Y enseñando entonces sus compras añadió:

—Mirad, yo he comprado este sombrero. No creo que sea muy bonito; pero pensé que lo mismo podía comprarlo que no comprarlo; lo desharé en cuanto lleguemos a casa y veré si puedo convertirlo en algo mejor.

Y al tildarlo sus hermanas de feo, añadió aún, con indiferencia completa:

—¡Oh!, pues había en la tienda dos o tres mucho más feos, y si hubiera comprado algún satén de bonito color para adornarlo de nuevo creo que habría resultado regular. Por otra parte, no importa mucho lo que una pueda llevar este verano después que la milicia del condado haya dejado Meryton, y se va dentro de quince días.

—De veras se va?—exclamó Isabel con la mayor satisfacción.

—Van a acampar cerca de Brighton, y por eso es preciso que papá nos lleve allí a todas este verano. Sería un plan delicioso, y atrévome a afirmar que, después de todo, apenas costaría nada. Mamá, de todas suertes, querría ir también.
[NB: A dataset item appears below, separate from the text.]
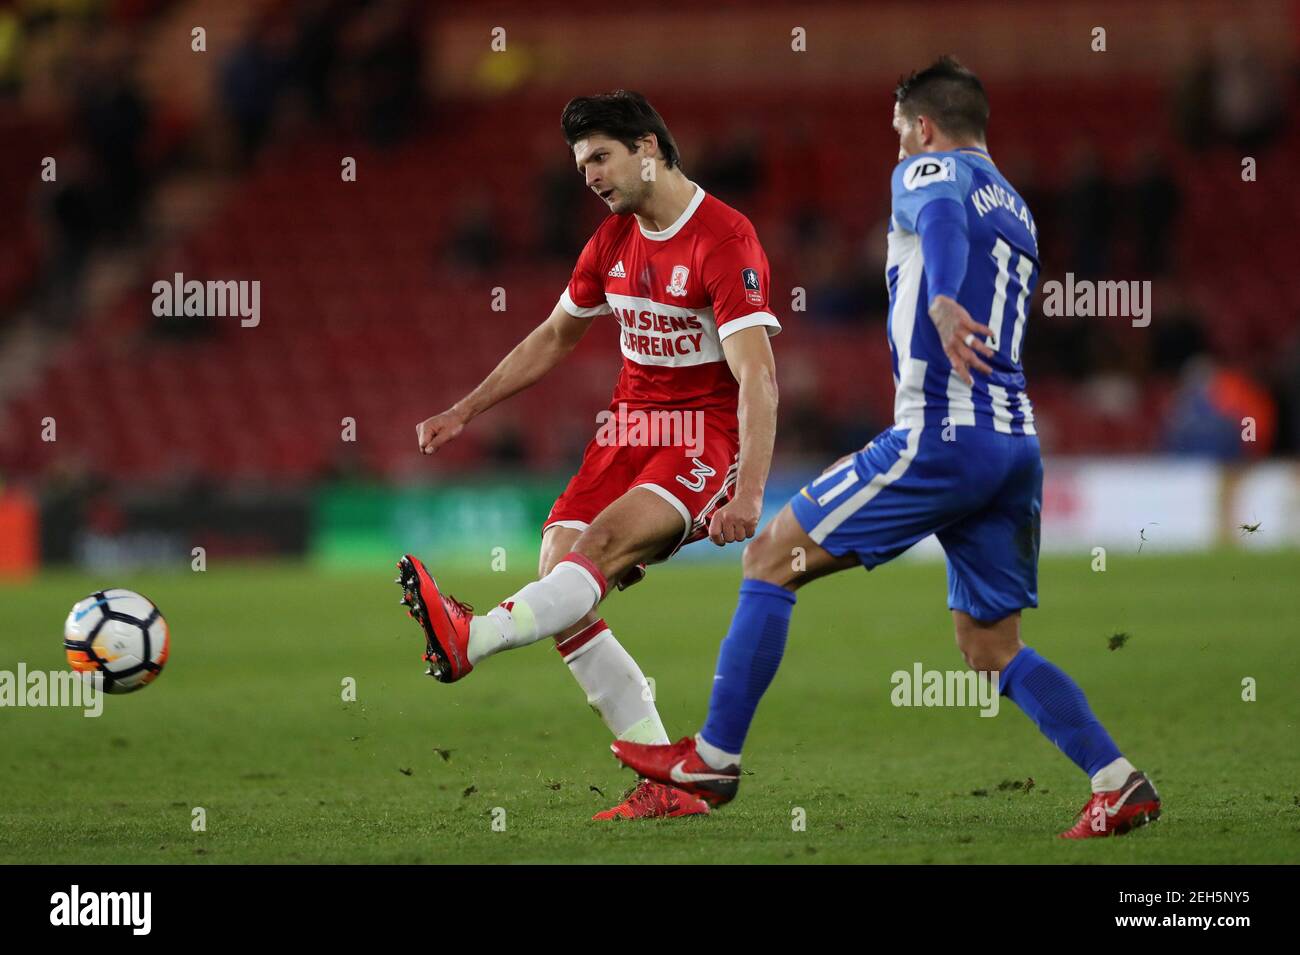 Soccer Football - FA Cup Fourth Round - Middlesbrough vs Brighton & Hove Albion - Riverside Stadium, Middlesbrough, Britain - January 27, 2018   Middlesbrough's George Friend in action with Brighton's Anthony Knockaert   REUTERS/Scott Heppell Stock Photo

Sólo piensa en el triste verano que de otra manera tendremos.

—Sí—dijo Isabel—, sería un proyecto delicioso en verdad y por completo adecuado a nosotras. ¡Cielos! ¡Brighton y un campamento de soldados para nosotras, que hemos quedado ya trastornadas con un mísero regimiento de milicia y con los bailes mensuales de Meryton!

—Tengo algunas noticias para vosotras—dijo Lydia en cuanto se sentaron a la mesa—. ¿Qué es lo que creéis? Se trata de algo nuevo en absoluto, de noticia importantísima y relativa a cierta persona que a todas nos gusta.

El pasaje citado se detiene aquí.